España-Chipre a las 20:45 en La 1. Puro fútbol, según Marca. Esto sí es fútbol for the fans, y no un Real Madrid-Bayern, o un Liverpool-Milan, ¿a quién puede interesarle un choque europeo del más alto nivel pudiendo disfrutar un martes crepuscular de un España-Chipre? Es que algunos no tenemos criterio.

Y además podemos admirar al enésimo niño prodigio. El de esta campaña es Lamine Yamal, lo conoceréis por haber jugado bien en la élite un puñado de partidos contables con los dedos de una mano. ¿Qué más méritos se necesitan? Ninguno. Perdón, hay una condición: ser del Barça.

El sistema funciona así: un jugador del FC Barcelona —el club que propició la corrupción sistémica arbitral concluida por el juez Aguirre, para los despistados que no lo ubiquen— debuta de manera precoz en el primero equipo, realiza dos o tres buenas actuaciones, las portadas se refieren a él como el nuevo Messi, el nuevo Ronaldinho, etc. Se da la casualidad de que esos jugadores suelen estar representados bien por agentes cercanos al club, bien próximos al seleccionador de turno.

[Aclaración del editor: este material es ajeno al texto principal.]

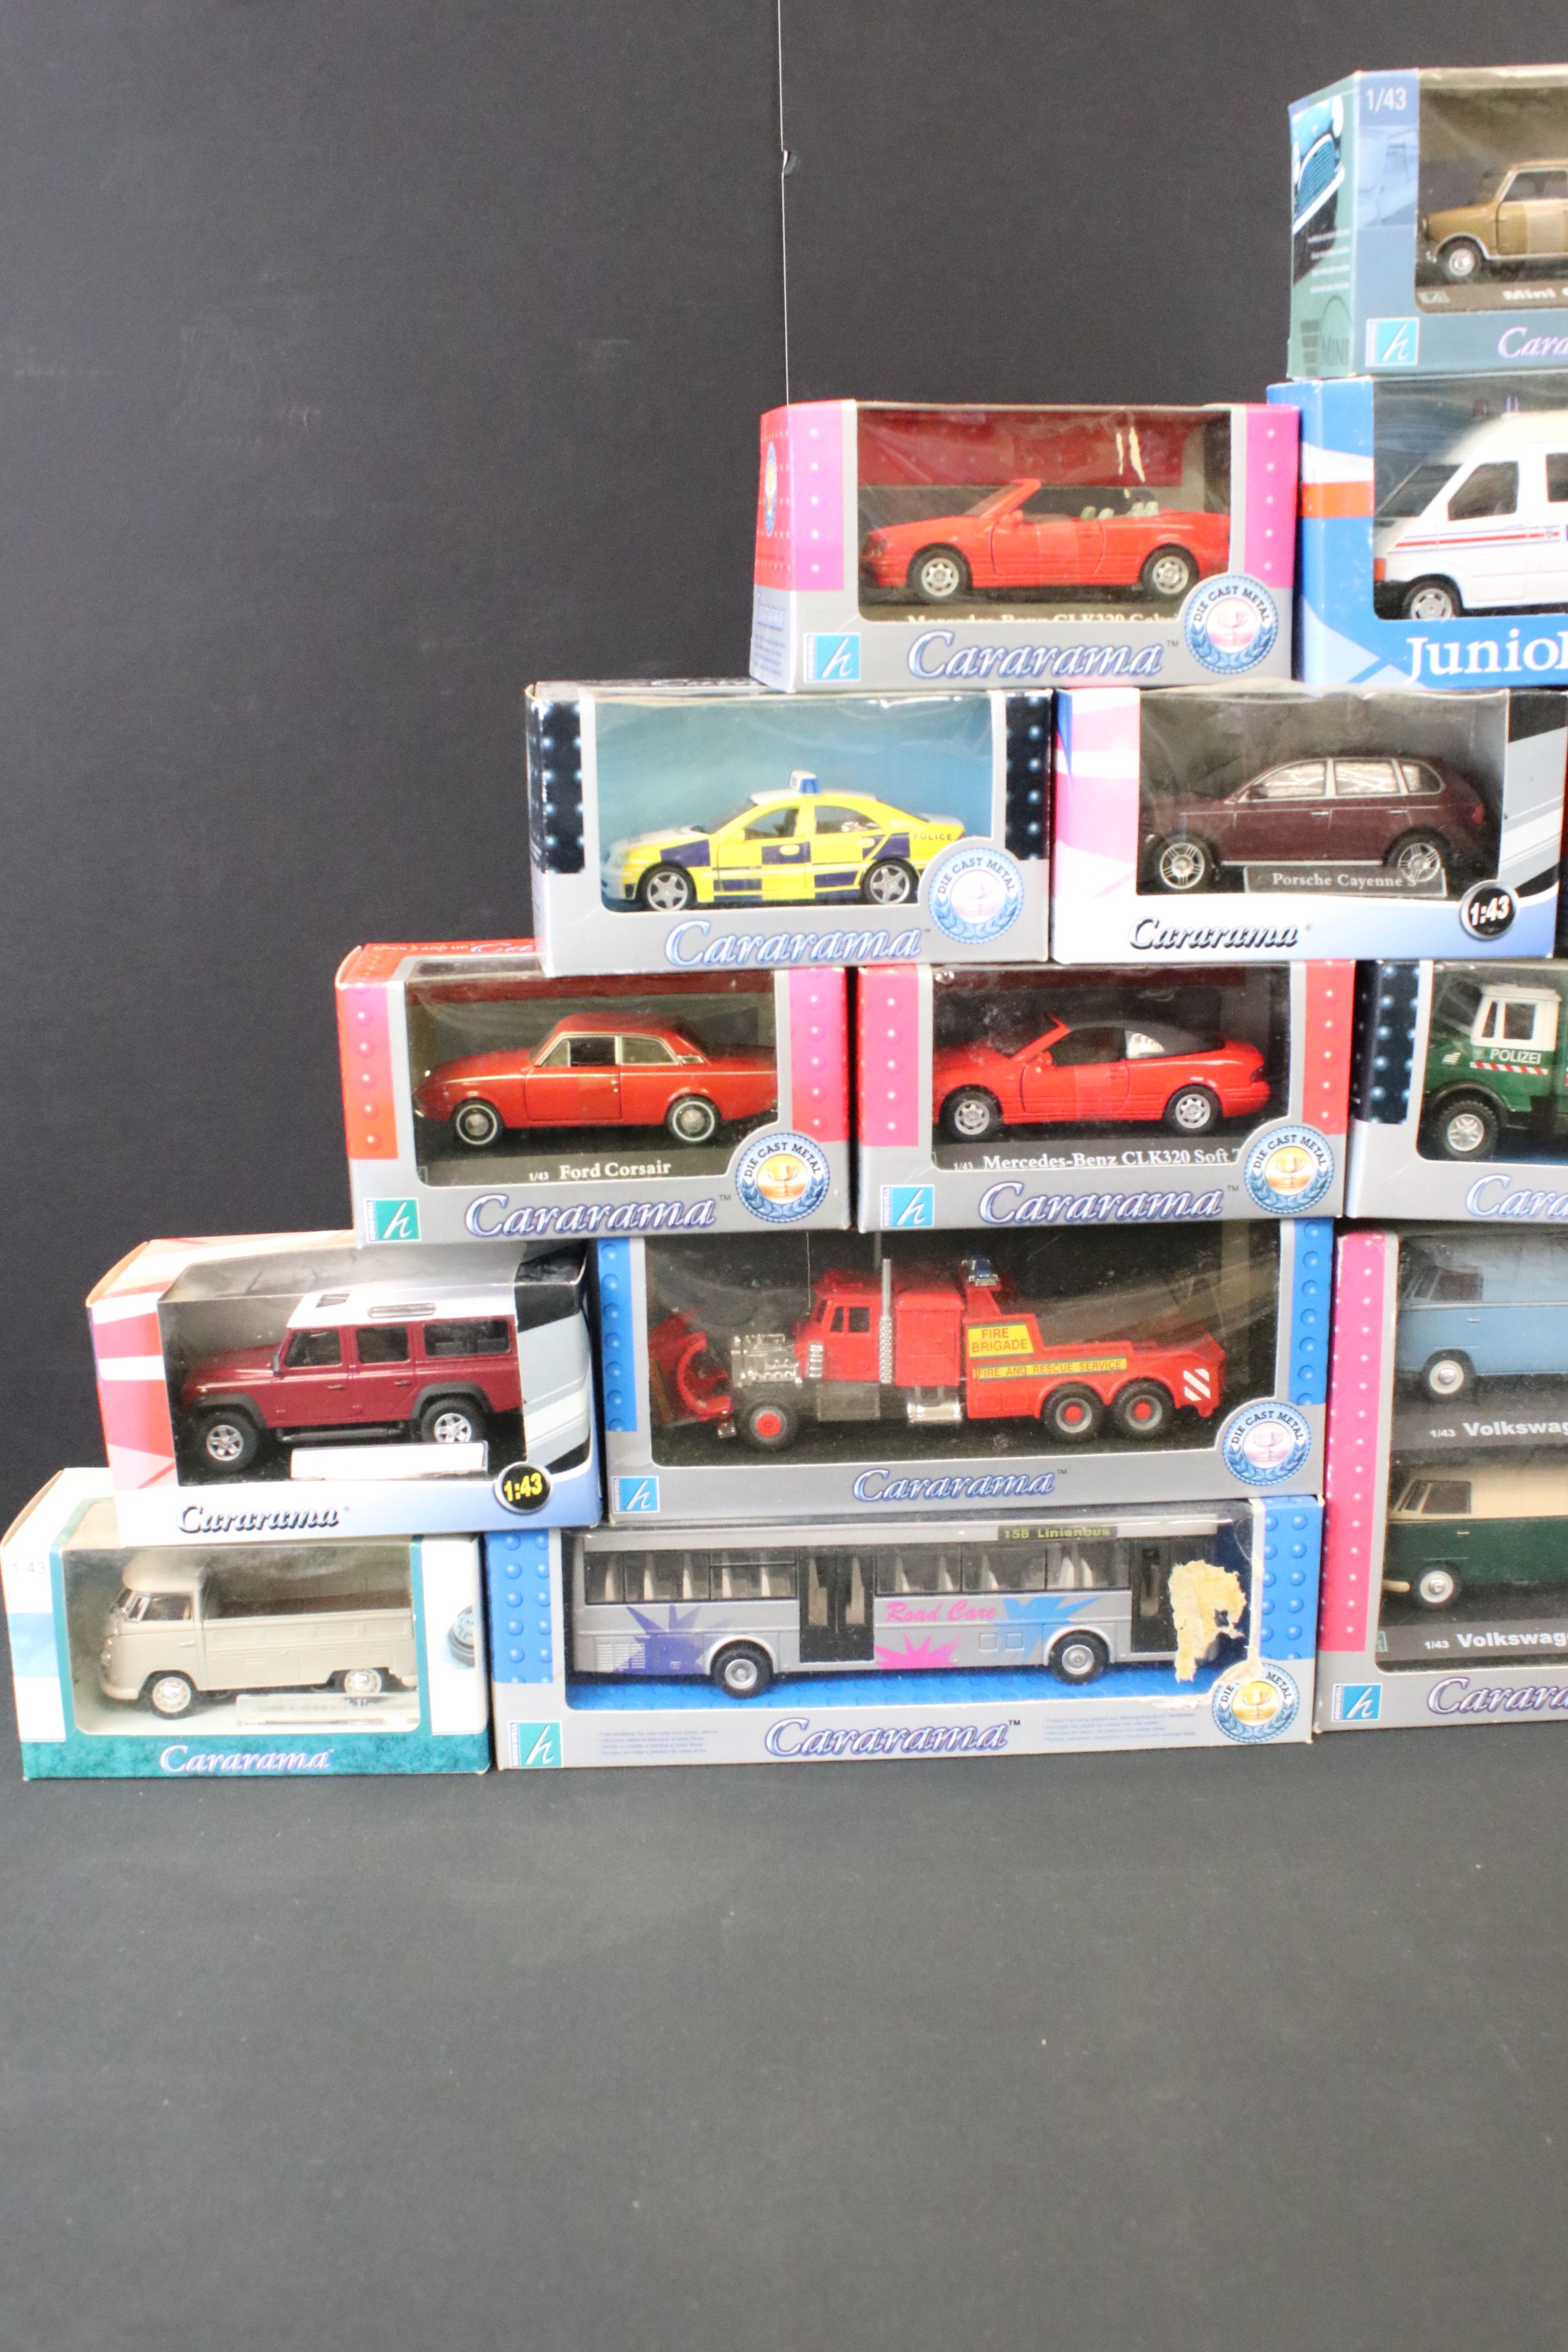 37 Boxed Cararama diecast models to include No. 252 1/43 Volkswagen Microbus multi-model set, No. - Image 6 of 8

El niño prodigio debuta, juega unos buenos encuentros y como consecuencia aumenta su caché y su valor de mercado, de lo que se benefician jugador, representante y club de cara a una futura venta. Pasado un tiempo, el nuevo Messi-Balón de Oro-Superstar acaba llenando su casa de cojines con sus iniciales y jugando en la MLS o emigrando a clubes potentísimos como el Brighton. Pero mientras tanto los implicados han obtenido el beneficio buscado.

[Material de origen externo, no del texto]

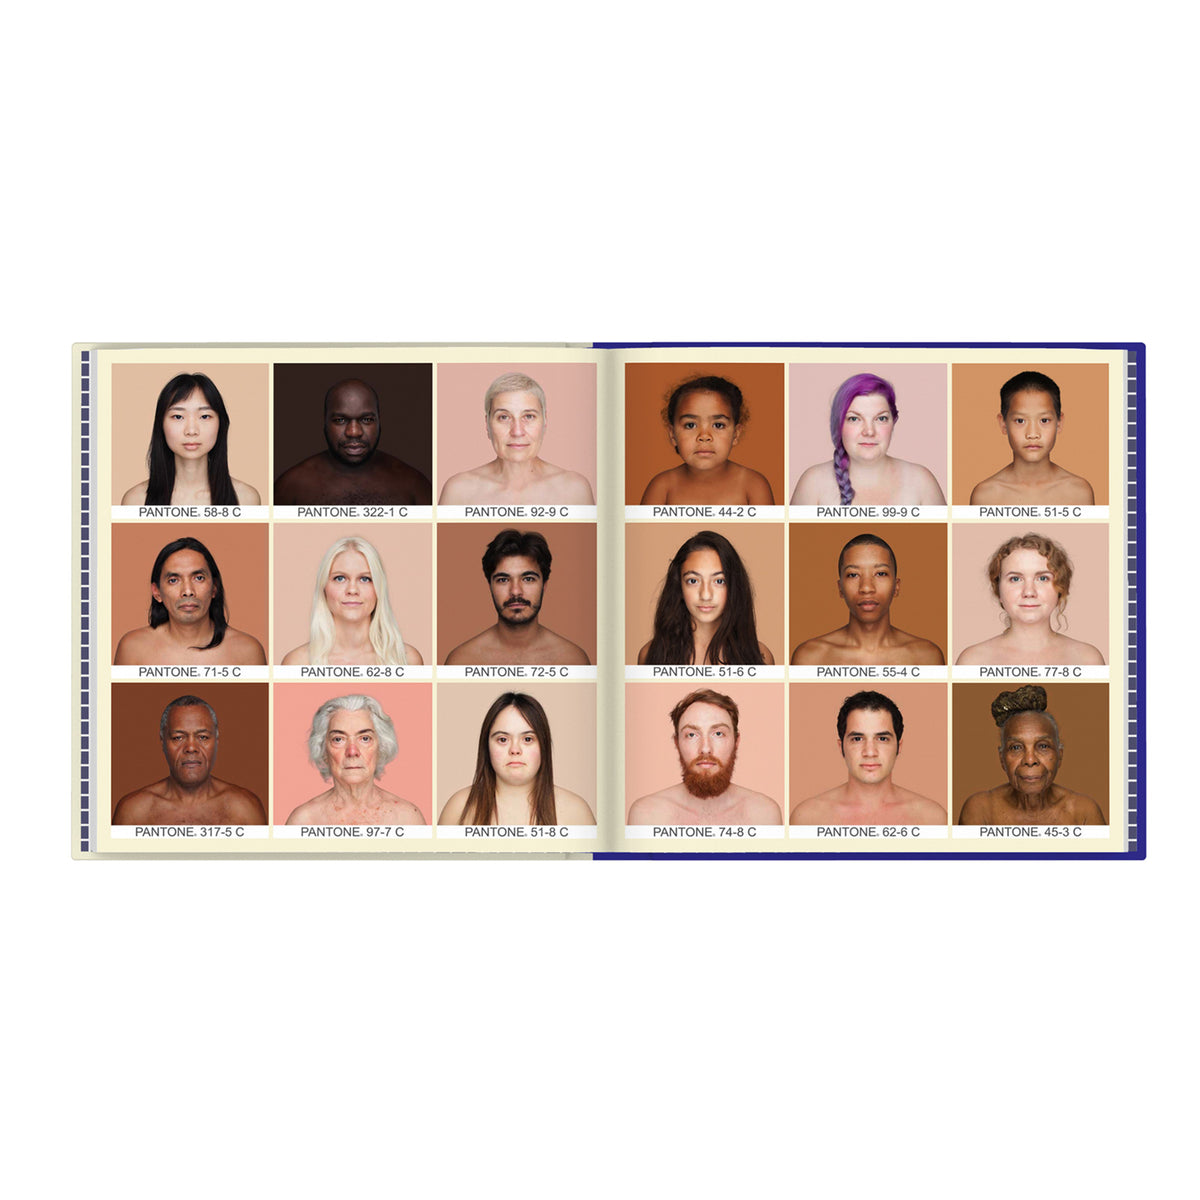 A photo grid spread featuring several portraits from The Colors We Share.

Muchos dirán, pero es que el Barça, gracias a La Masía, se nutre de canteranos, a diferencia del Madrid, y eso tiene su reflejo en la selección. Hay dos tipos de canteranos, los canteranos bengala, que prenden rápido, debutan de manera fulgurante y al cabo de un breve lapso de tiempo se apagan; y los canteranos antorcha, que de entrada lucen menos, pero poco a poco su llama se hace más grande y alumbran, y a menudo deslumbran, durante años en sus clubes. Decidnos algún canterano, aparte de Sergi Roberto, que haya perdurado hasta la madurez (con protagonismo) en la actual plantilla del Barça.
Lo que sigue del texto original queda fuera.